Opening Framing: Beyond Local Files
Last week, you learned to read and write local files. But security data doesn't just live on your machine—it's distributed across the internet: threat intelligence APIs, vulnerability databases, WHOIS lookups, IP reputation services, and countless web resources.
This week, you'll learn to fetch data from the web, interact with APIs, and process external data sources. These skills let your scripts tap into the collective knowledge of the security community—checking IOCs against threat feeds, enriching alerts with context, and automating lookups that would take hours manually.
Working with external data introduces new challenges: network failures, rate limits, authentication, and unpredictable response formats. You'll apply the defensive coding skills from Week 8 to handle these gracefully.

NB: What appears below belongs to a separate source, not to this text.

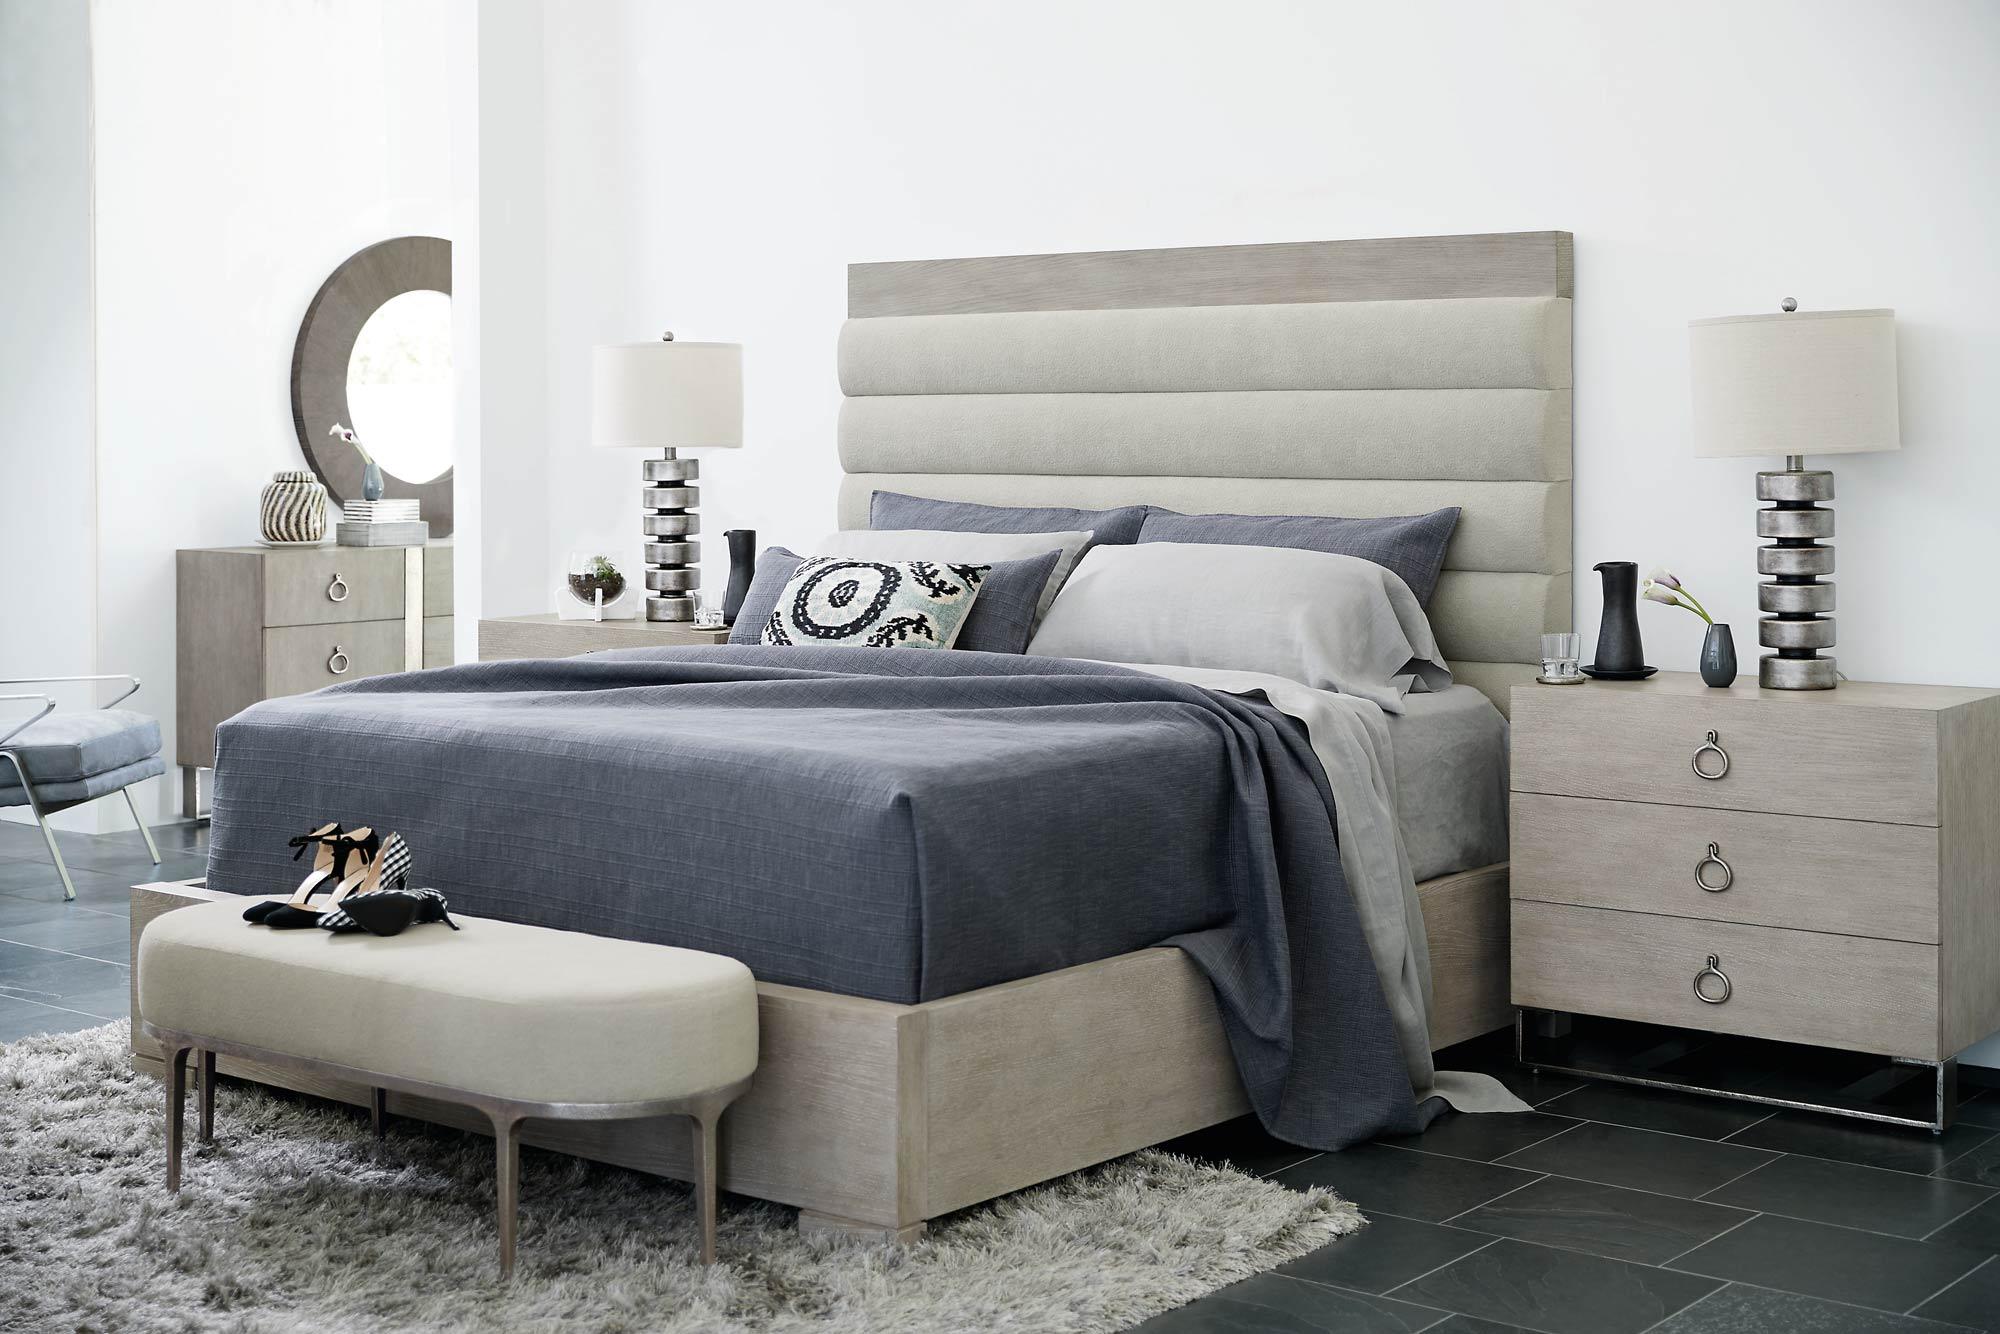 bernhardt_linea_bedroom_image_gallery_06.jpg

Key insight: The most powerful security scripts don't work in isolation—they connect to external intelligence sources that provide context and enrichment.
1) HTTP Requests with the Requests Library
The requests library is Python's standard for HTTP operations.

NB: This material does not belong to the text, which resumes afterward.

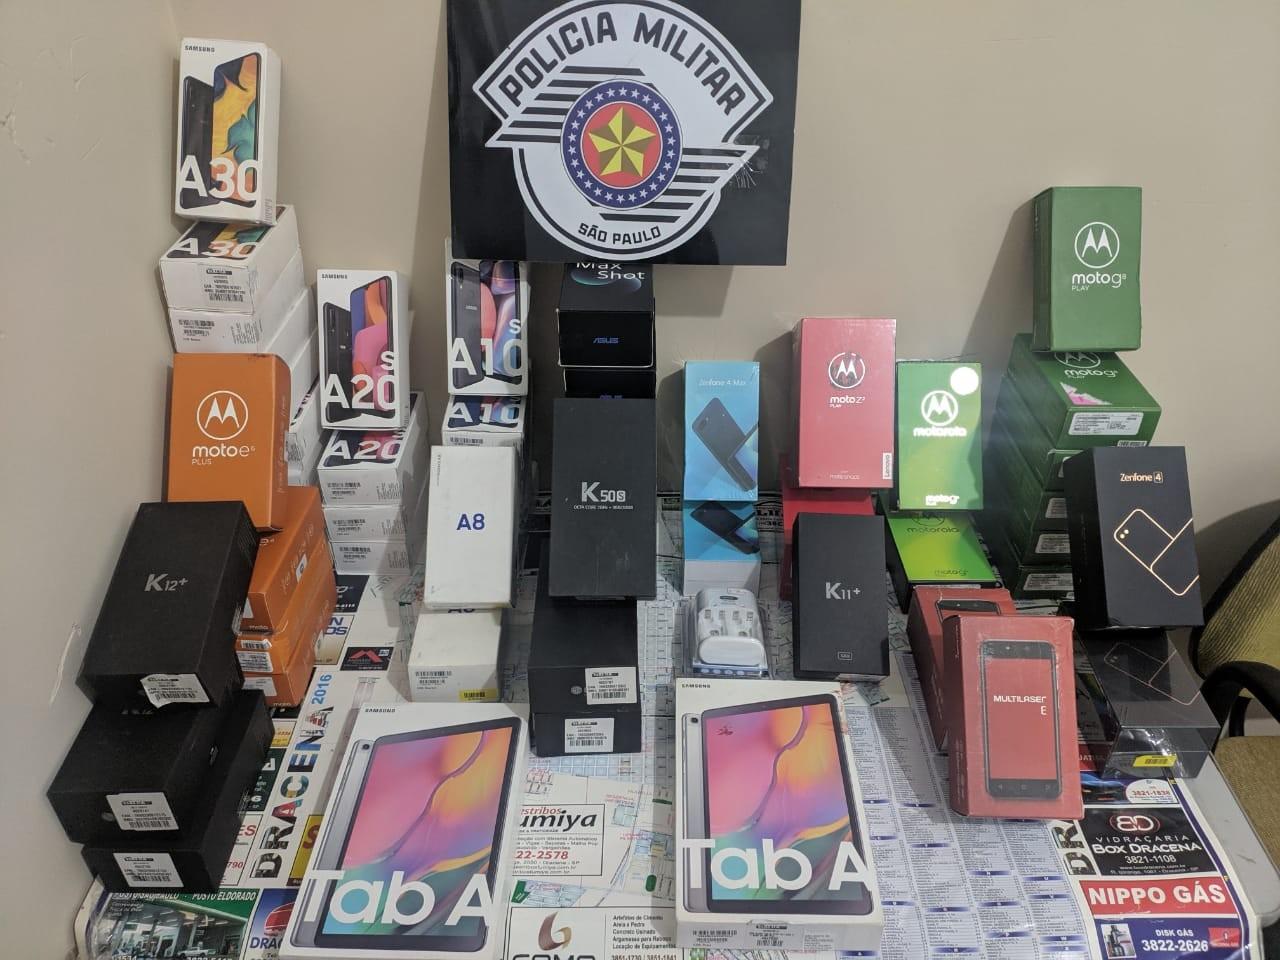 Dupla tenta escapar de abordagem policial, mas acaba presa após furtar R$ 120 mil em aparelhos eletrônicos de loja

It handles the complexity of web communication with a simple interface:
import requests
# Basic GET request
response = requests.get("https://httpbin.org/get")
print(response.status_code) # 200
print(response.text) # Response body as string
# Check if request succeeded
if response.status_code == 200:
print("Success!")
elif response.status_code == 404:
print("Not found")
elif response.status_code == 403:
print("Forbidden - check authentication")
Common HTTP Status Codes:
200- OK (success)201- Created (POST success)400- Bad Request (client error)401- Unauthorized (auth required)403- Forbidden (access denied)404- Not Found429- Too Many Requests (rate limited)500- Internal Server Error
# Request with parameters
params = {"ip": "8.8.8.8", "format": "json"}
response = requests.get("https://api.example.com/lookup", params=params)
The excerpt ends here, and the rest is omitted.